WHAT IS BEING ASKED – This exercise calls for retyping every line below exactly, with the images omitted.

COLLECTED MATERIAL –
━━━━━━━━━━━━━━━━━━━━
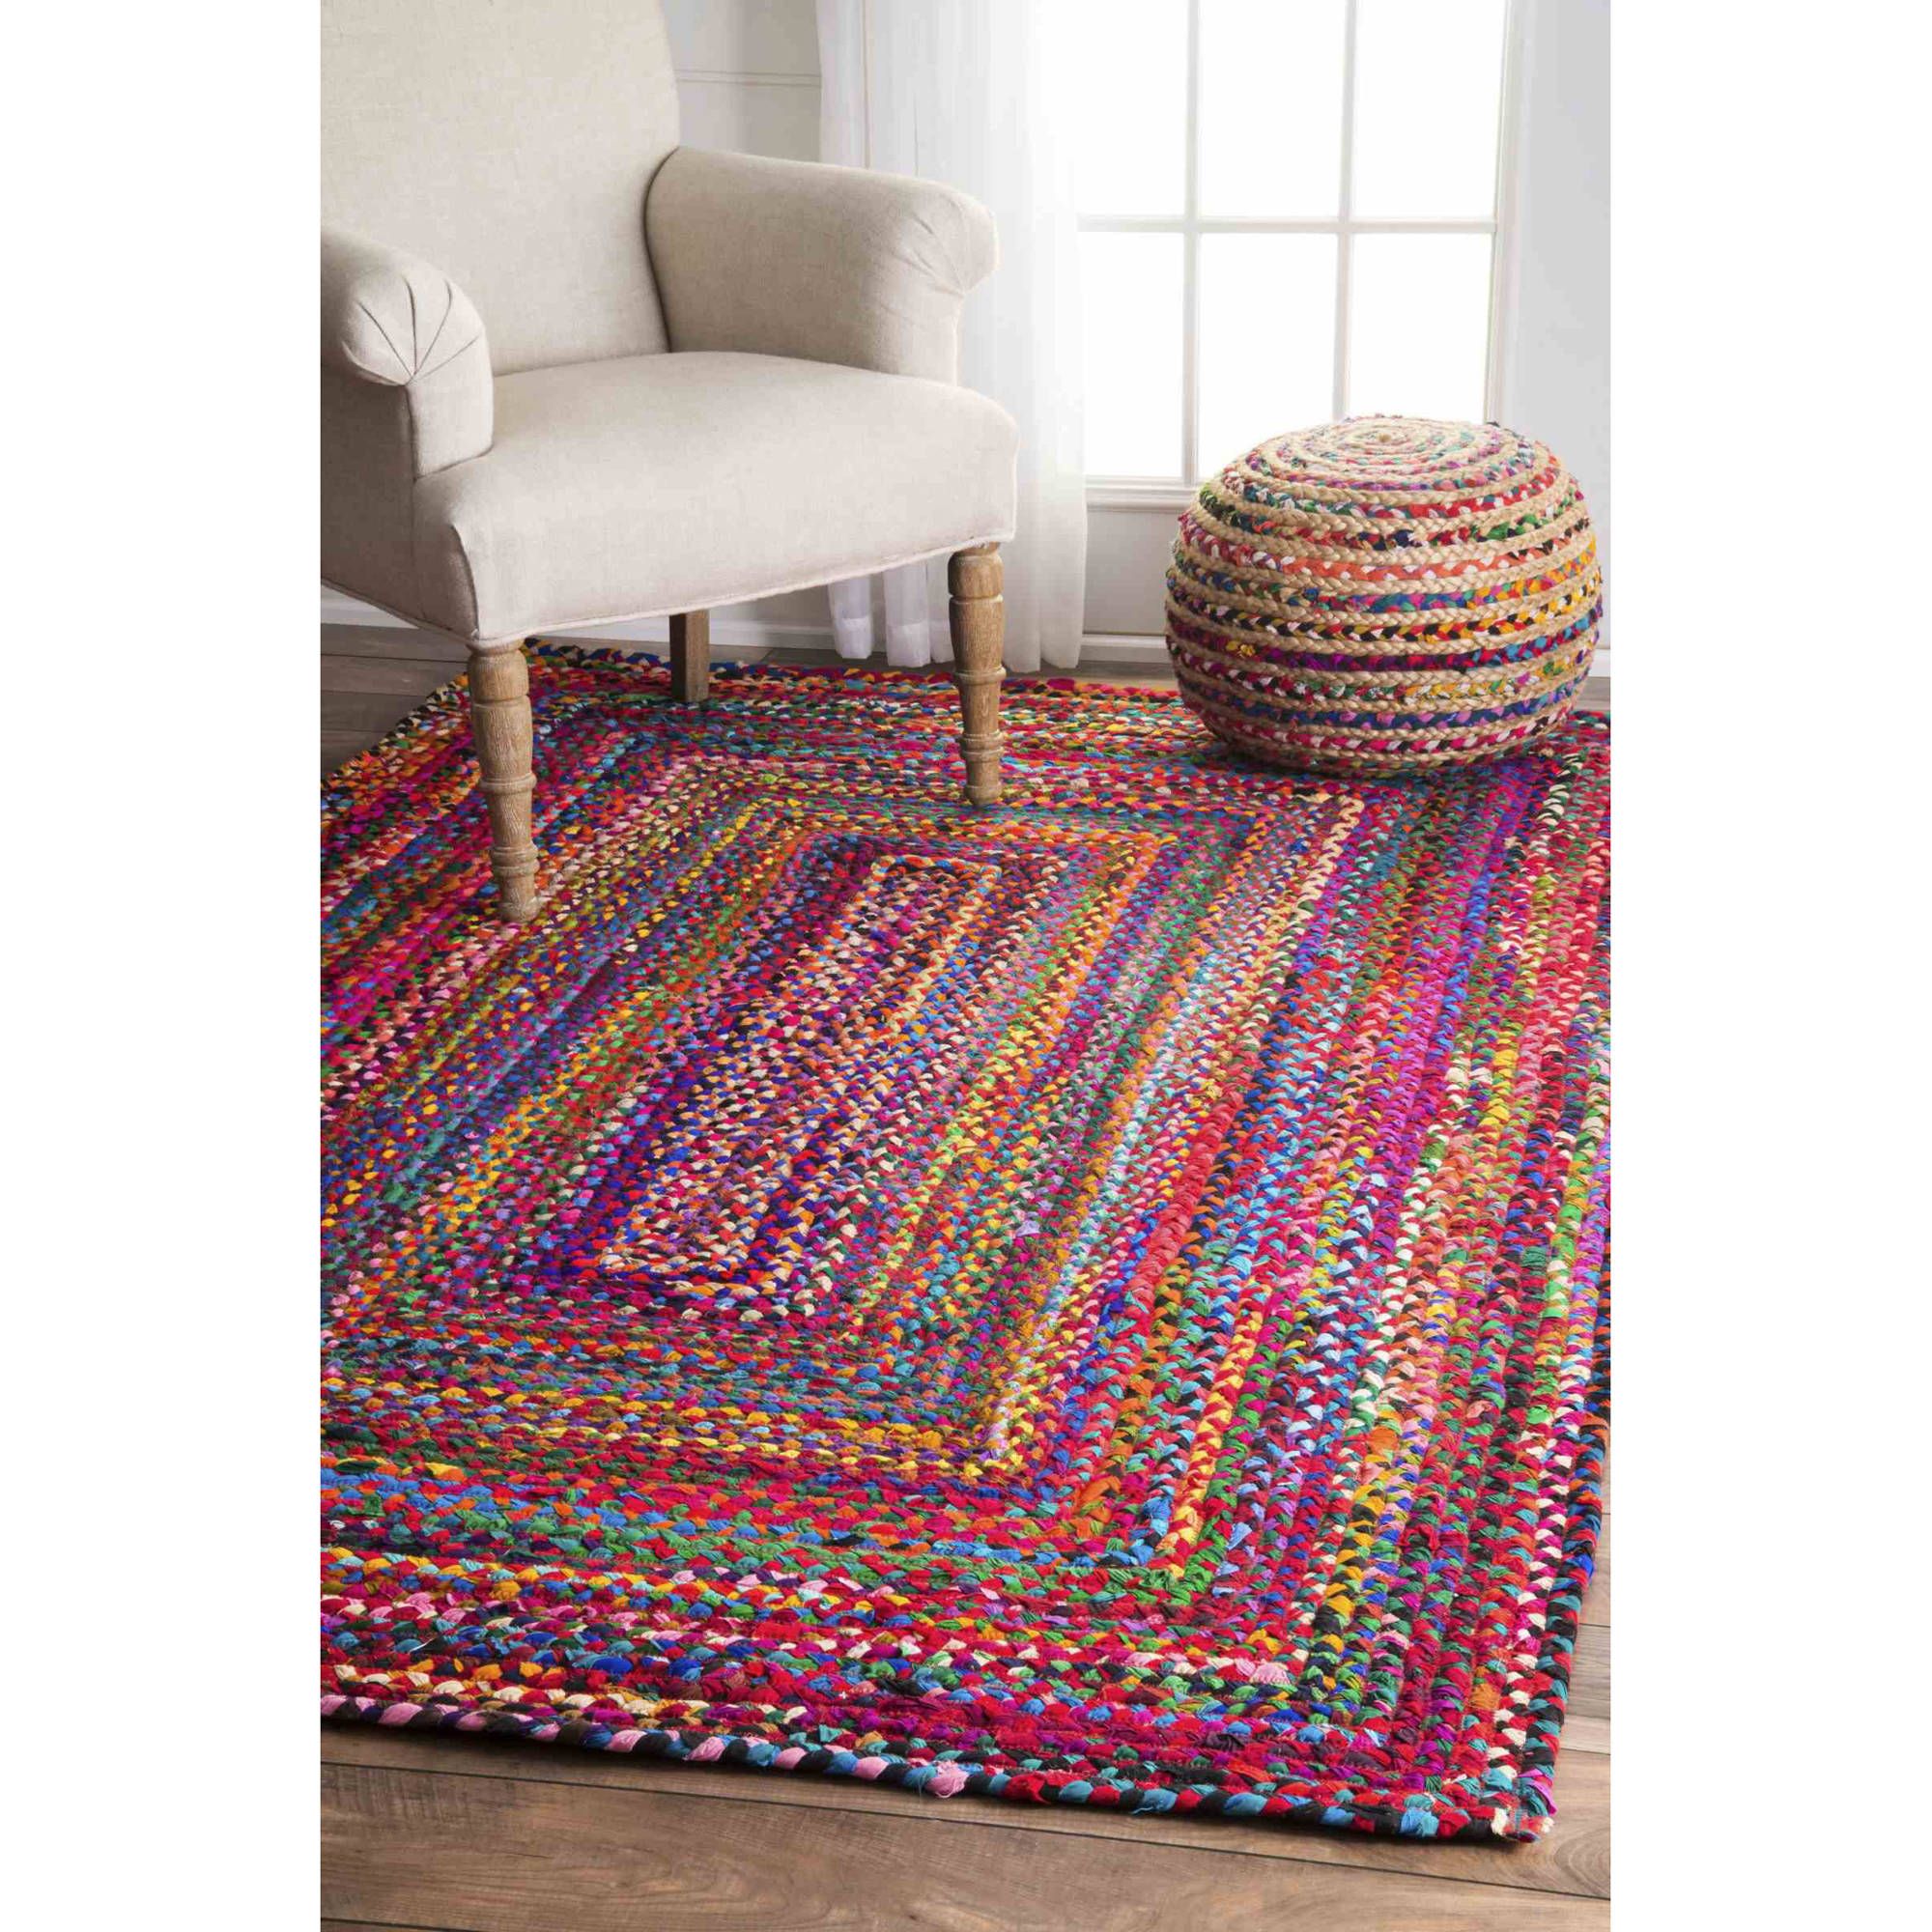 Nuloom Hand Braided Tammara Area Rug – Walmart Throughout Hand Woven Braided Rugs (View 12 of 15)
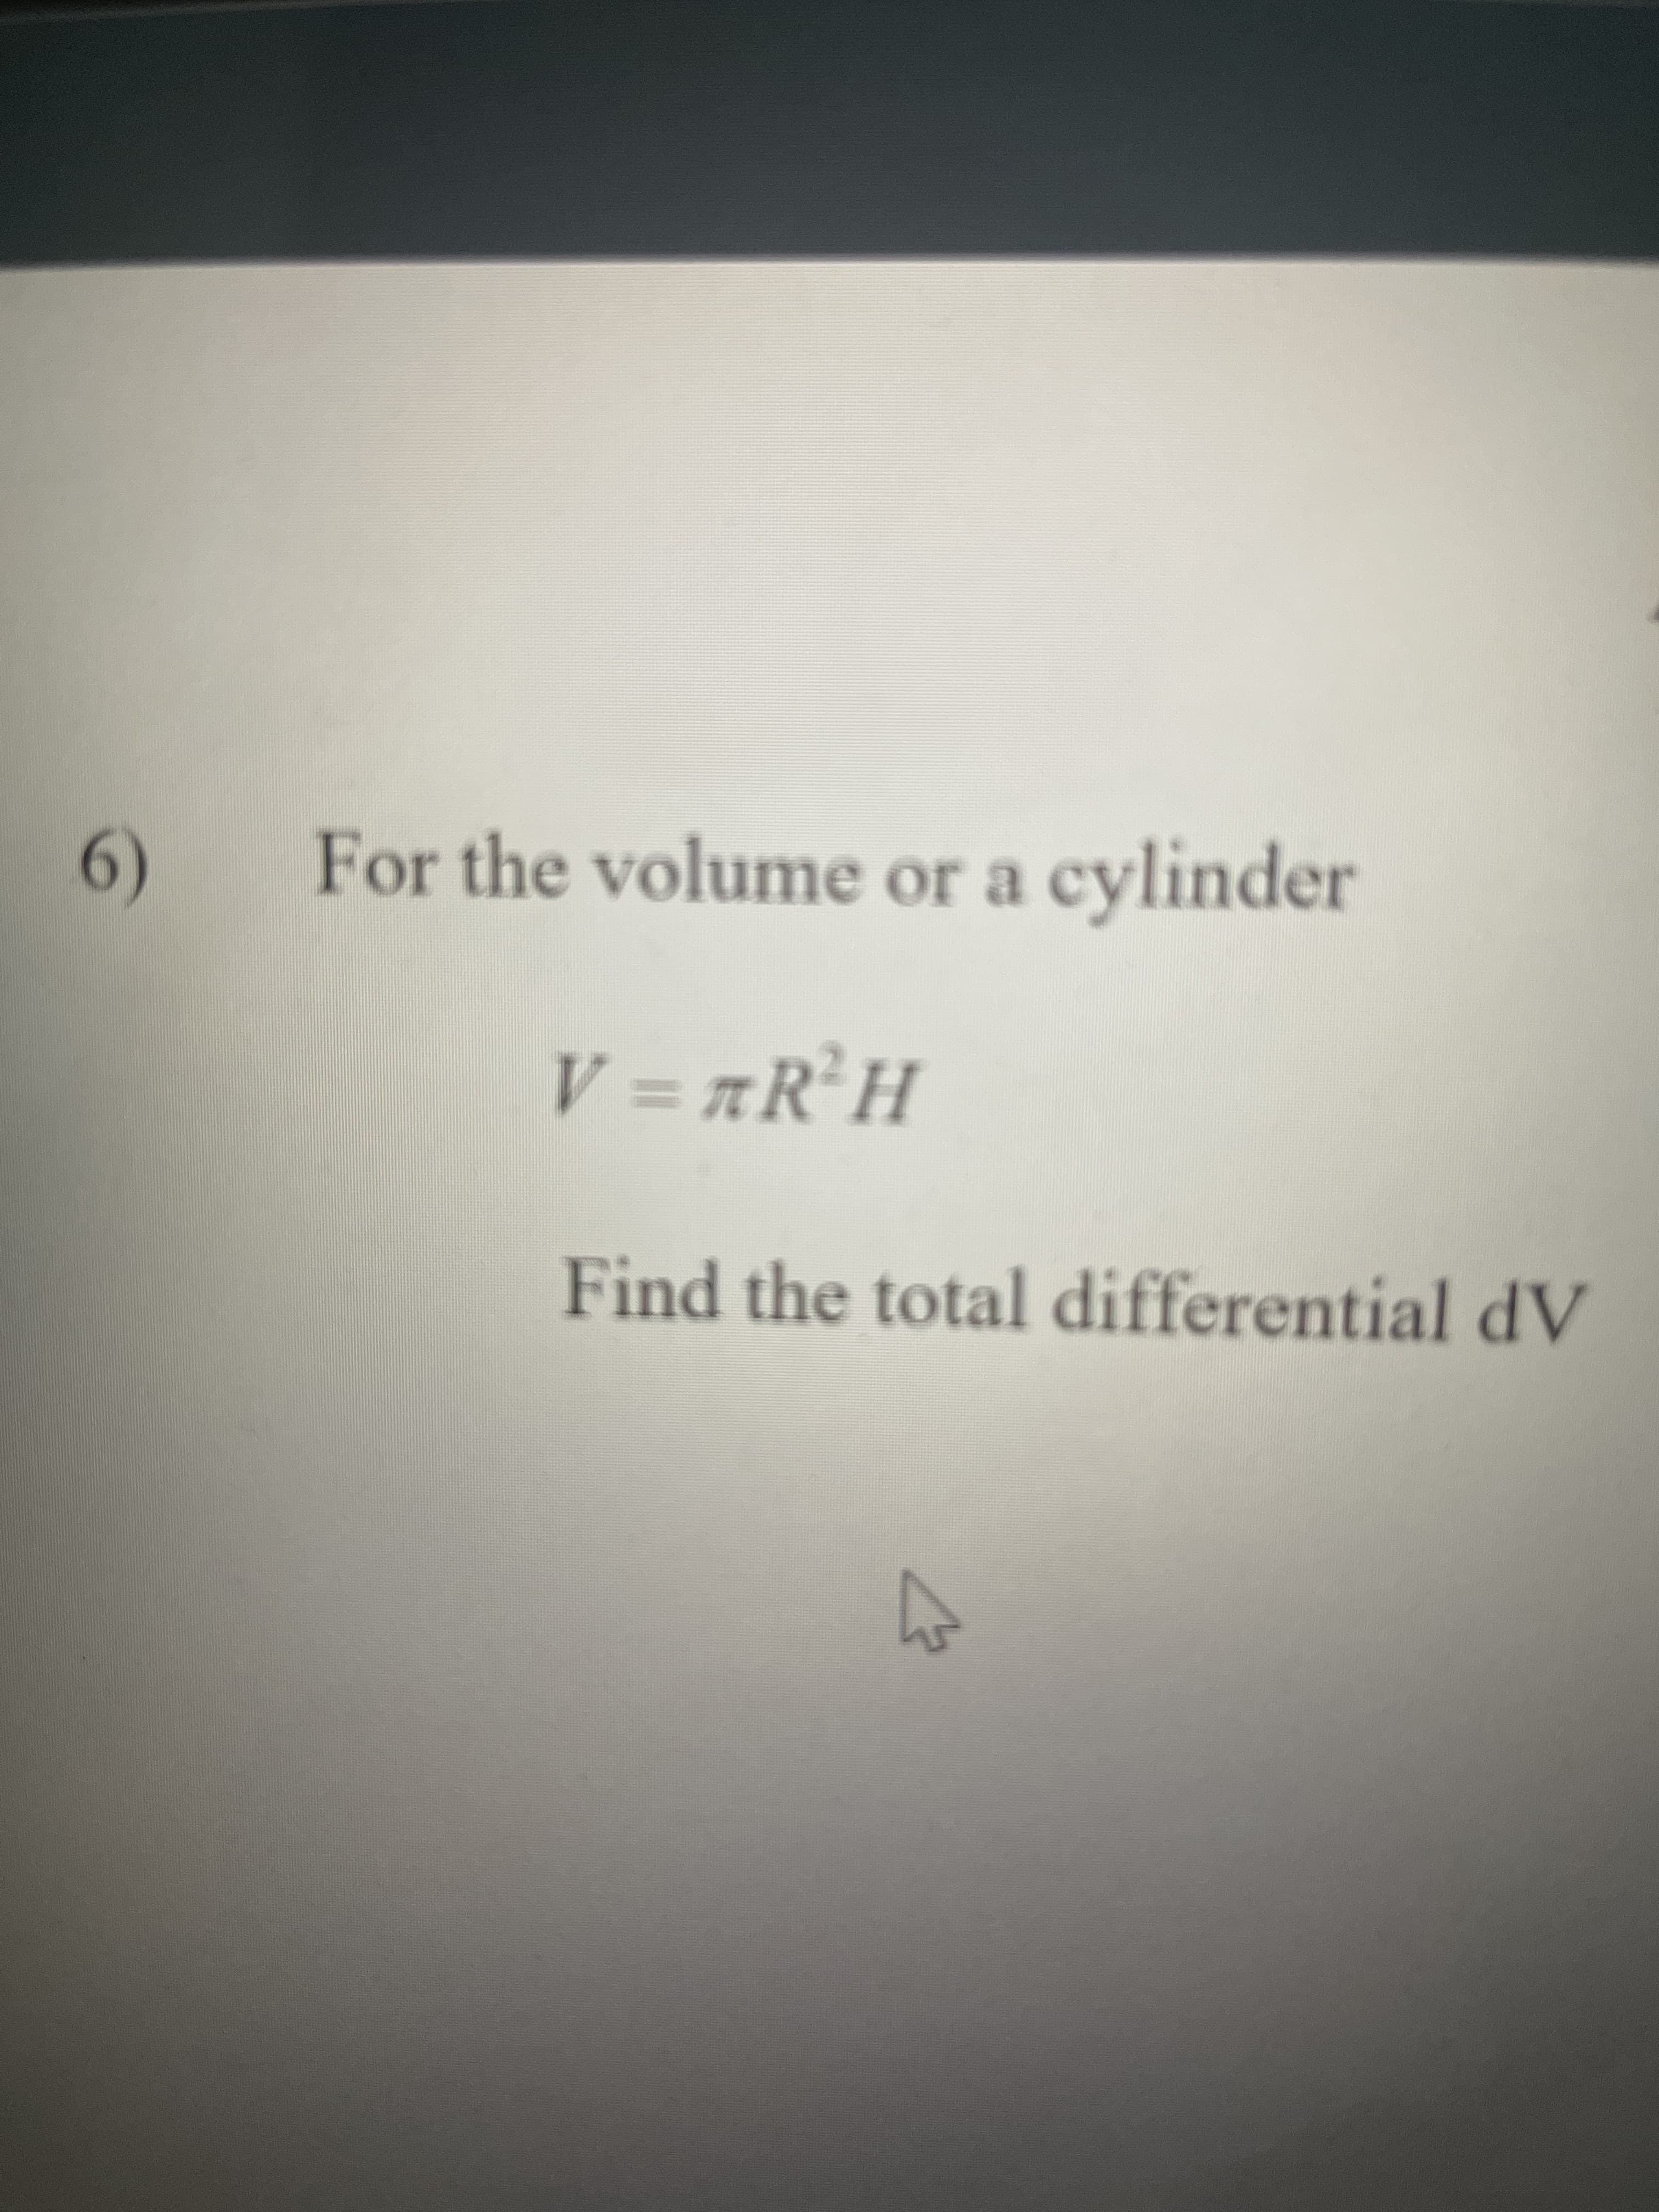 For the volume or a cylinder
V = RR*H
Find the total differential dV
━━━━━━━━━━━━━━━━━━━━
OUTPUT OF THE EXERCISE –
 Nuloom Hand Braided Tammara Area Rug – Walmart Throughout Hand Woven Braided Rugs (View 12 of 15)
 For the volume or a cylinder
V = RR*H
Find the total differential dV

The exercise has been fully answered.